In a previous report, we confirmed the accumulation of AGEs in human dentin with respect to age by mechanical indentation measurement of demineralized tooth sections and immunohistochemical staining [2], and confirmed the following phenomena; aged dentin was stiffer than the young dentin, and the stiffness of young dentin increased by glycation when tooth sections were incubated in ribose solution.
AGE is the collective term for Maillard reaction products, and several types of AGE emit autofluorescence under excitation with UV light. Among the fluorescent AGEs, pentosidine is a main component of the fluorophores [3–6]. As the formation of non-fluorescent AGEs, such as carboxymethyl lysine (CML), is largely synchronized with fluorescent AGEs [7], fluorometry is a valuable tool for detecting AGEs in biological tissue. However, fluorescence intensity from steady-state fluorometry changes depending on sample surface characteristics and/or fluctuations of the light source when examining in vivo tissue. This implies resultant fluorescence intensity does not necessarily correspond to AGE levels during in vivo measurement.
An alternative method to steady-state fluorometry is time-resolved fluorometry, namely fluorescence lifetime measurement (FLM), and this approach is widely used together with steady-state fluorometry in clinical settings [8–10]. However, there have been few reports on the application of FLM to examination of AGEs. Although we previously reported that fluorescence lifetime of human dentin decreased with increasing age [11], that report lacked discussion with respect to the AGEs.

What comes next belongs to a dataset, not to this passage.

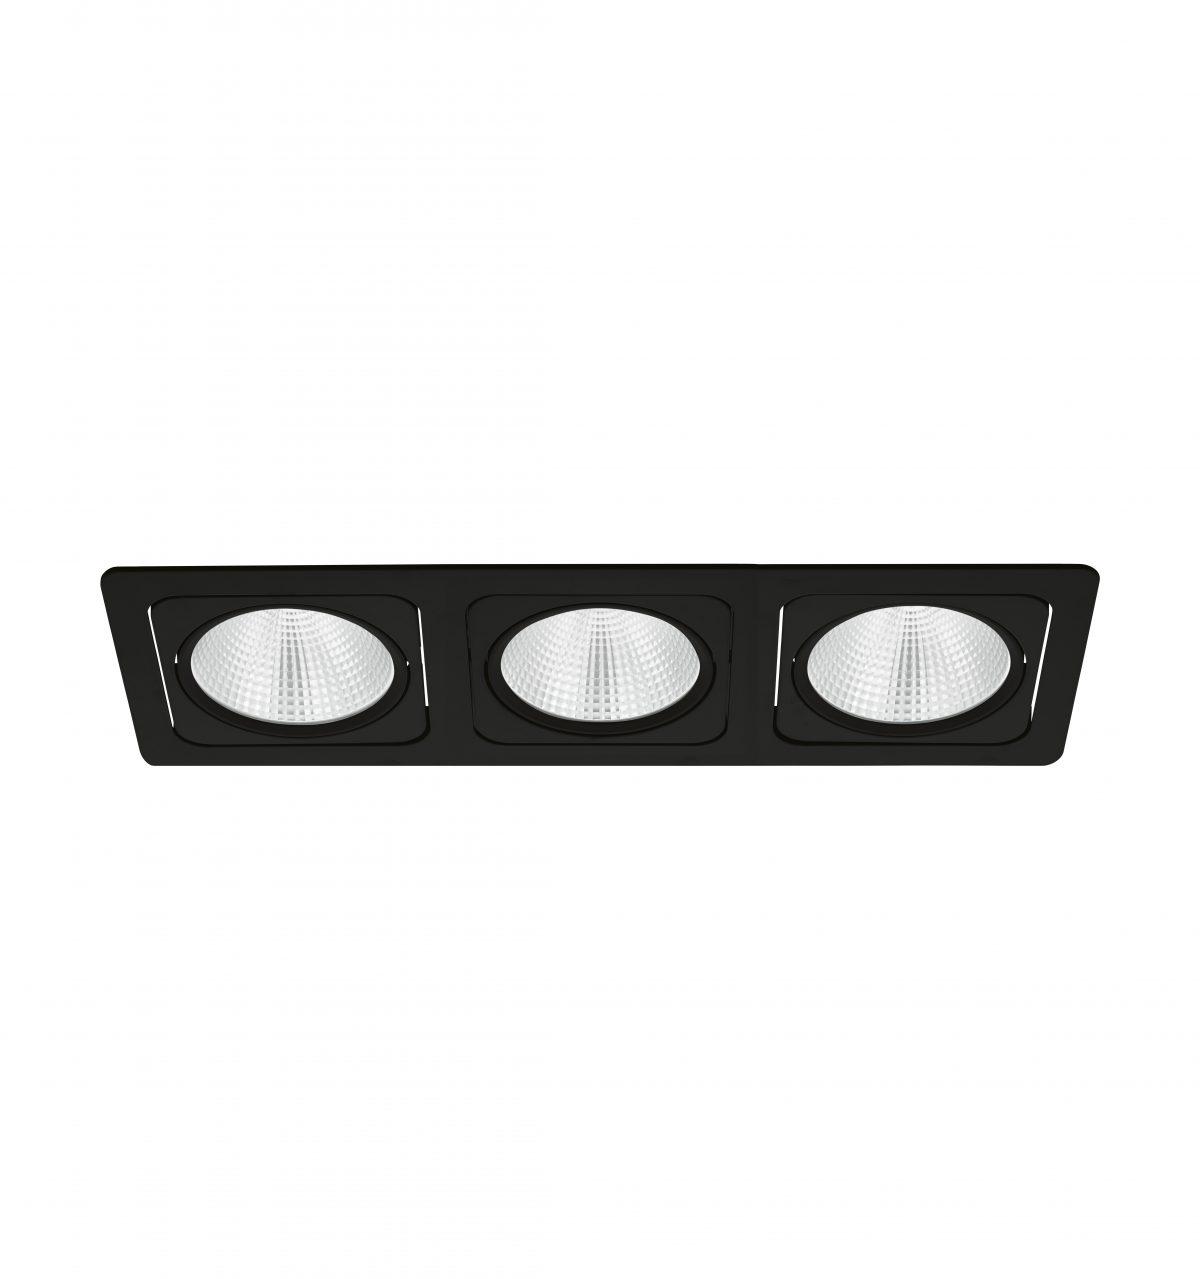 Светильник настенно-потолочный VASCELLO/PROFESSION EGLO 61688 - Фото №28
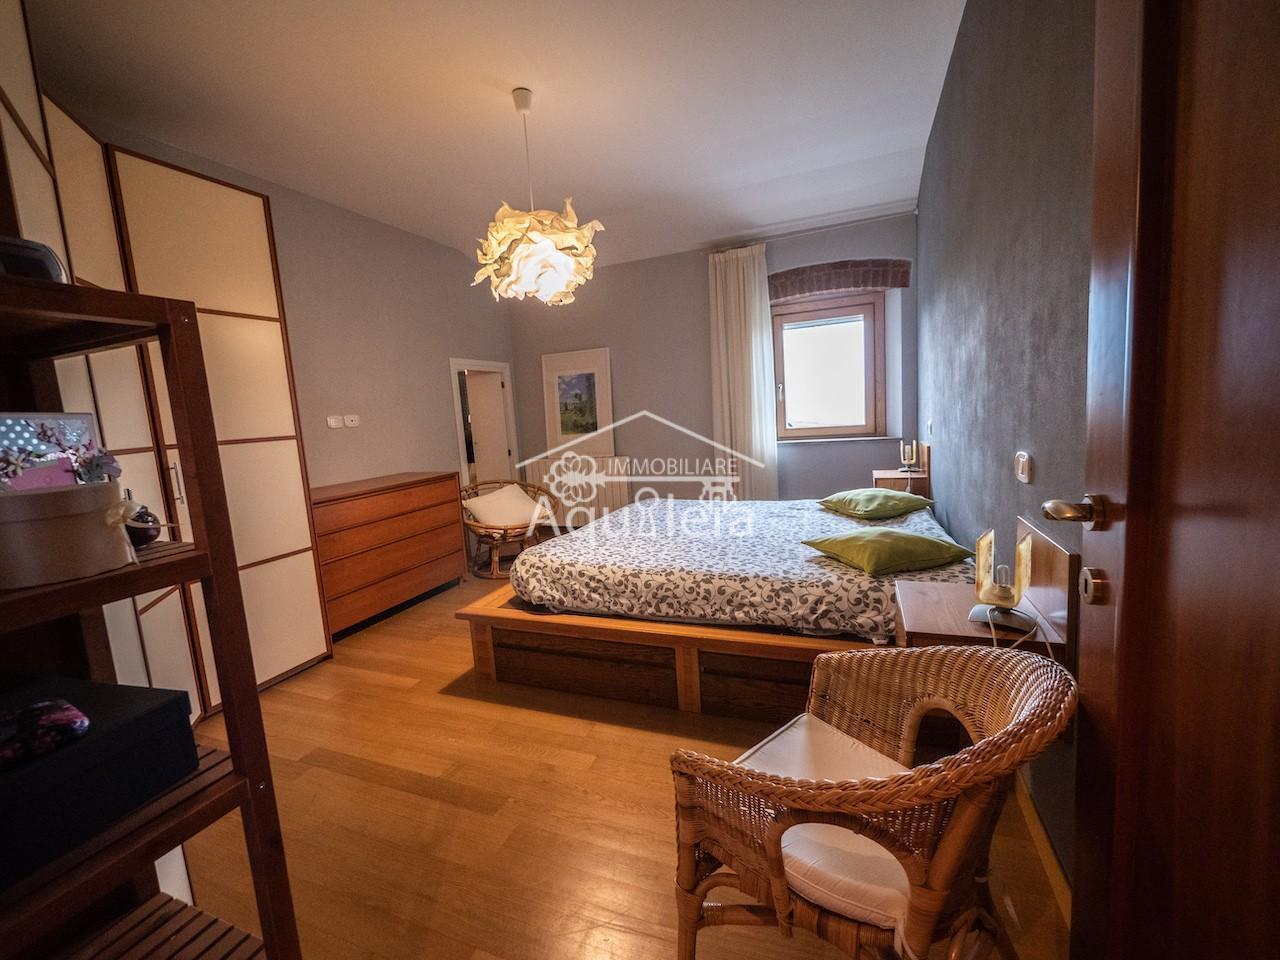 Appartamento in vendita, rif. AQ 1522

In the present study, we prepared collagen gels incubated with ribose and measured changes in fluorescence lifetime of the gels in order to examine the applicability of FLM to detect AGEs. The formation of AGEs in the gel was confirmed by western blotting. We then extended FLM to visualize the AGE distribution in human dentin. Based on the resultant profile, we discuss dental physiology with respect to the accumulation of AGEs in human dentin.
2. Materials and methods
2.1 Sample preparation
2.1.1 Collagen gel
Six pairs of gel-mounted dishes with different incubation times were prepared. Type I collagen solution for cell culture (3.0mg/ml, Type I-P; Nitta Gelatin, Osaka, Japan) and ten-fold concentrated phosphate buffered saline (PBS) were mixed on ice at a ratio of 9:1. Then, 200 μL of this solution was placed onto a glass-base dish for cell culture, and was incubated for 30 min at 37°C to form a gel. In vitro glycation of the gel was performed by adding 1 mL of 0.1 M ribose in cacodylate buffer (pH 7.4) onto a dish, while the same buffer without ribose was placed into another dish as a control (first pair dish). This pair was incubated at 37°C until examination.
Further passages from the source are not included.